These CPU percentages look normal.

--------------------------------------------------------
sar -u and sar -U 0|1 show similar weirdness.  1 & 3 look normal 2 & 4
are ridiculous numbers.

sar -u on box 1 looks OK:
12:28:11       %user     %nice   %system     %idle
12:28:11       0.71%     0.16%     5.58%    93.55%

sar -u on box 2 makes no sense:
12:27:59       %user     %nice   %system     %idle
12:27:59      45.11%    50.96%   126.21%   3887.72%

Once again box 3 looks like box 1, box 4 looks like box 2 outputs.

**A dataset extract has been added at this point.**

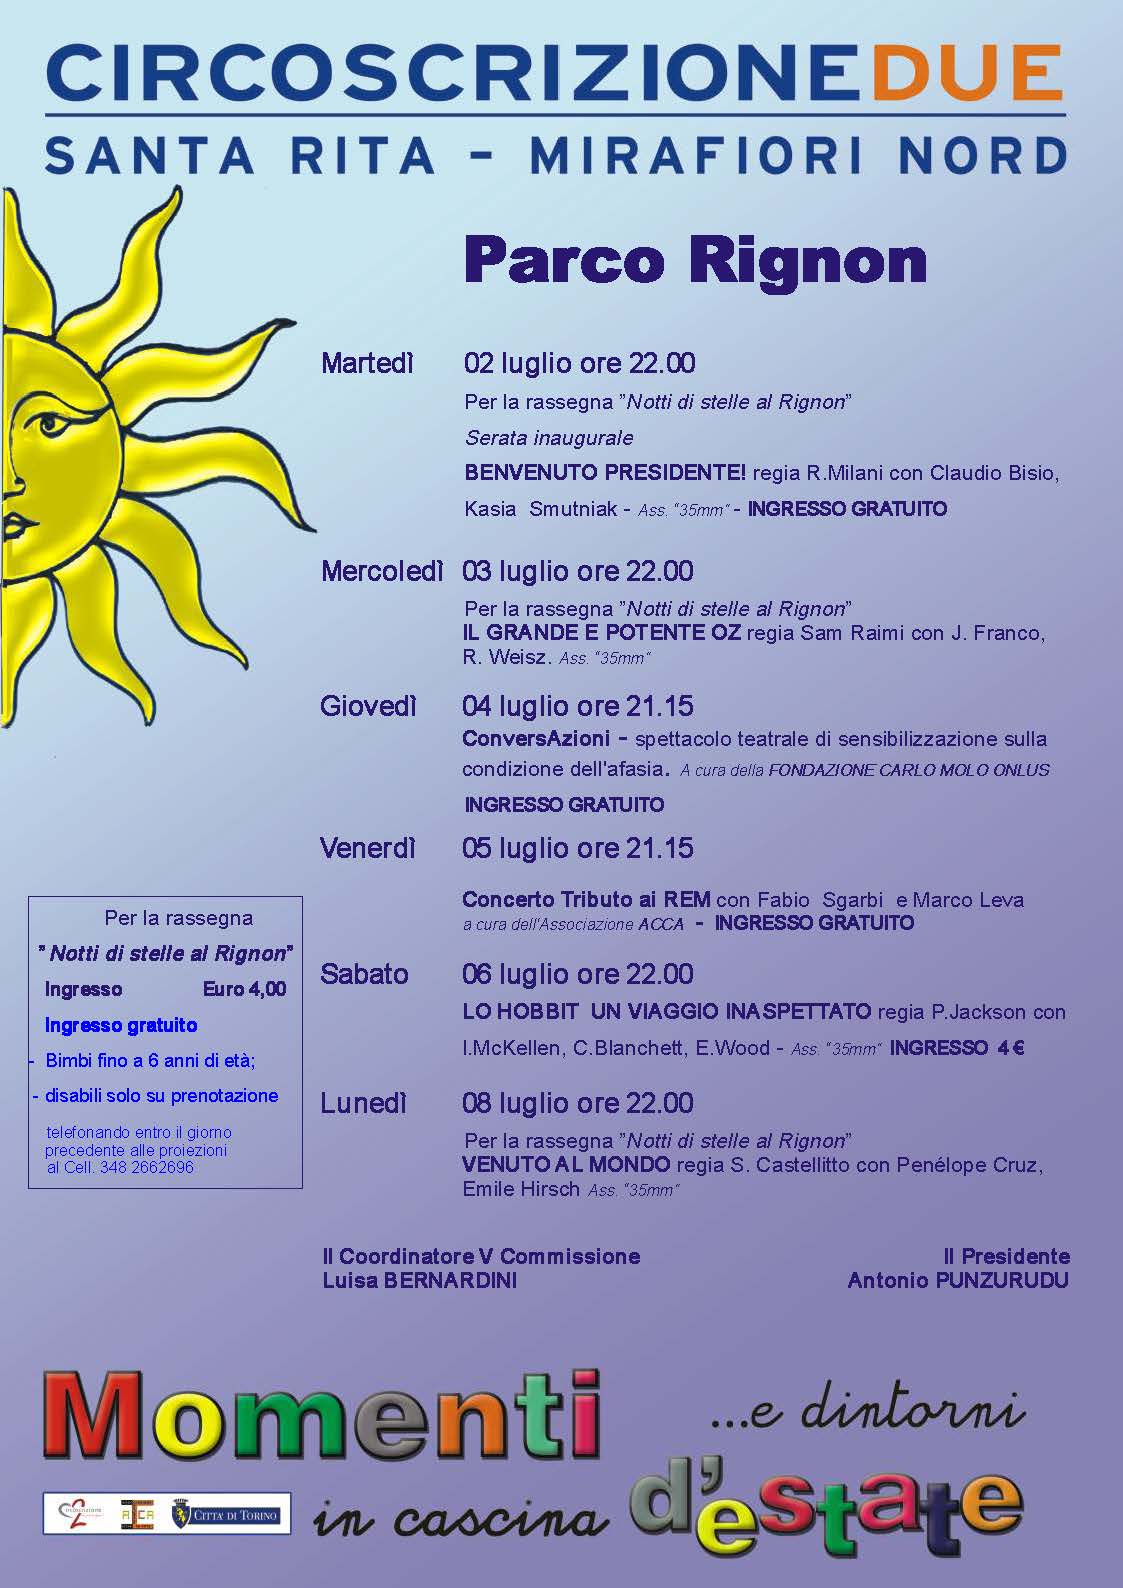 P Rignon 2_8 luglio (2)

----------------------------------------------------------
Next I did a `strace -v sar -u > file 2>&1` on boxes 4 & 3, output
below:


I'll paste the last few lines below, but compared line for line, the
straces look almost identical...

box 4

open("/proc/stat", O_RDONLY)            = 3
fstat64(0x3, 0xbfffddfc)                = 0
old_mmap(NULL, 4096, PROT_READ|PROT_WRITE, MAP_PRIVATE|MAP_ANONYMOUS, -1,
0) = 0
x40016000
read(3, "cpu  48325711 54591314 135186636"..., 1024) = 904
read(3, "", 1024)                       = 0
close(3)                                = 0
munmap(0x40016000, 4096)                = 0
time([1017692879])                      = 1017692879
write(1, "Linux 2.2.18pre11-va2.1smp (hg-p"..., 170Linux
2.2.18pre11-va2.1smp (h
g-prd-04.homegain.com)      04/01/02

12:27:59       %user     %nice   %system     %idle
12:27:59      45.11%    50.96%   126.21%   3887.72%


box 3

open("/proc/stat", O_RDONLY)            = 3
fstat64(0x3, 0xbfffddfc)                = 0
old_mmap(NULL, 4096, PROT_READ|PROT_WRITE, MAP_PRIVATE|MAP_ANONYMOUS, -1,
0) = 0
x40016000
read(3, "cpu  27090298 6436488 212908388 "..., 1024) = 894
read(3, "", 1024)                       = 0
close(3)                                = 0
munmap(0x40016000, 4096)                = 0
time([1017692891])                      = 1017692891
write(1, "Linux 2.2.18pre11-va2.1smp (hg-p"..., 169Linux
2.2.18pre11-va2.1smp (h
g-prd-03.homegain.com)      04/01/02

12:28:11       %user     %nice   %system     %idle
12:28:11       0.71%     0.16%     5.58%    93.55%


Both of these straces start at "open /proc/stat", they look amost the
same.
The one line "read(3, "cpu N1 N2 N3..." on box 4 yields 904, while on
box 3 it yields 894.  That and there is a slight difference in the time
(probably due to slightly different uptimes).  Yet, look at the sar
results at the very bottom.  Box 3 shows normal, box 4 shows crazy
results for sar.

A similar strace between box 1 and box 2 shows identical results
except that one line "read(3, "cpu N1 N2 N3..." on box 2 is 904,
which is the same as on box 4; these being the problem boxes.  On box 1
it is 871, 23 less than on box 3.

box 2
read(3, "cpu  77951409 92818862 89811526 "..., 1024) = 904

box 1
read(3, "cpu  6816459 22322346 14591024 3"..., 1024) = 871


Whatever this line indicates and whatever the = 904 or 894/871 mean, it
seems like the only clue to this whole mystery is that both box 2 and
box 4 come up with the same result, 904,  for that one line.  And both
box 2 and box 4 show crazy results for `sar -u`.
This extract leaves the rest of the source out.